You are browsing a tutorial guide for the latest Octoparse version. If you are running an older version of Octoparse, we strongly recommend you upgrade because it is faster, easier and more robust! Download and upgrade here if you haven't already done so!
Quora is a place to gain and share knowledge. It's a platform to ask questions and connect with people who contribute unique insights and quality answers. People here share their brilliant ideas from different countries and different careers.
This tutorial will show you how to scrape answers from Quora with question URLs. If you have no question URLs at hand, you can follow this tutorial first: Scrape questions from Quora
To follow through the tutorial, you may want to use the URL below:
The main steps are shown in the menu on the right and you can download the task file here.

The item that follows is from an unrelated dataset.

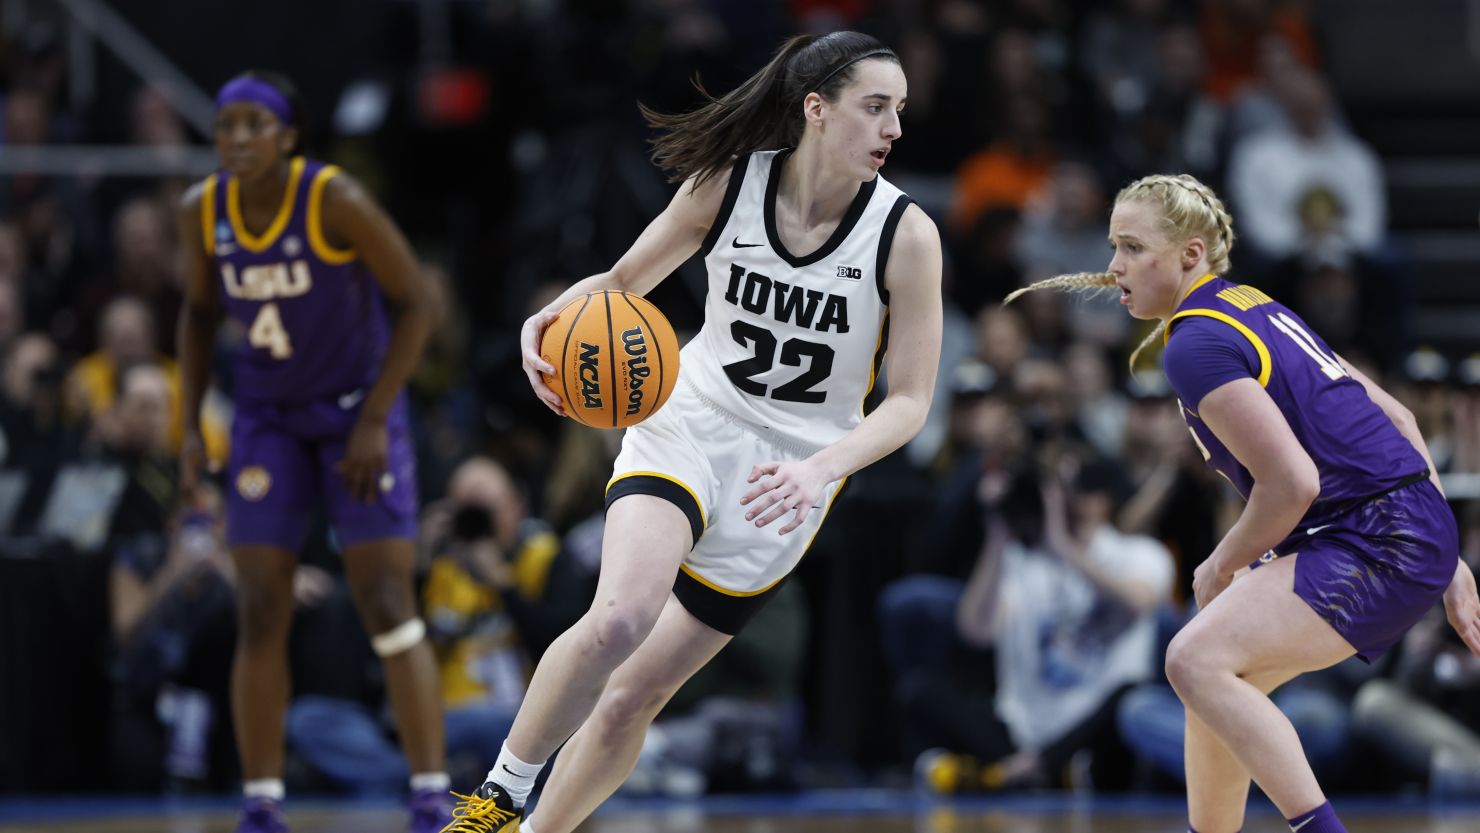 Caitlin Clark of the Iowa Hawkeyes dribbles against Hailey Van Lith of the LSU Tigers at last Monday's NCAA Women's basketball game in Albany, New York.

1. Create a Go to Web Page - to open the target website
To start our scrape journey, the target website needs to be input first.
Enter the search URL into the search box at the center of the home screen. Click Start to create a new task.
2. Set up a Page Scroll - to load more data
Click on "+" under Go to Web Page Step
Click on Loop
Click Loop Item
Choose Loop Mode >>Scroll Page
Tick >> for one screen
Repeats >>100 times
Click Apply
Note: For more information about Page Scroll settings, please check this article: Set up a page scroll
3. Create a Loop - to capture the list of answers from the webpage
Click on "+" to add a step inside the scroll page loop
Click Loop
Switch Loop Mode to Variable List
Input the XPath in Matching XPath box: //div[not(contains(@class,'question_page_ad')) and(contains(@class,'question_answer_item'))]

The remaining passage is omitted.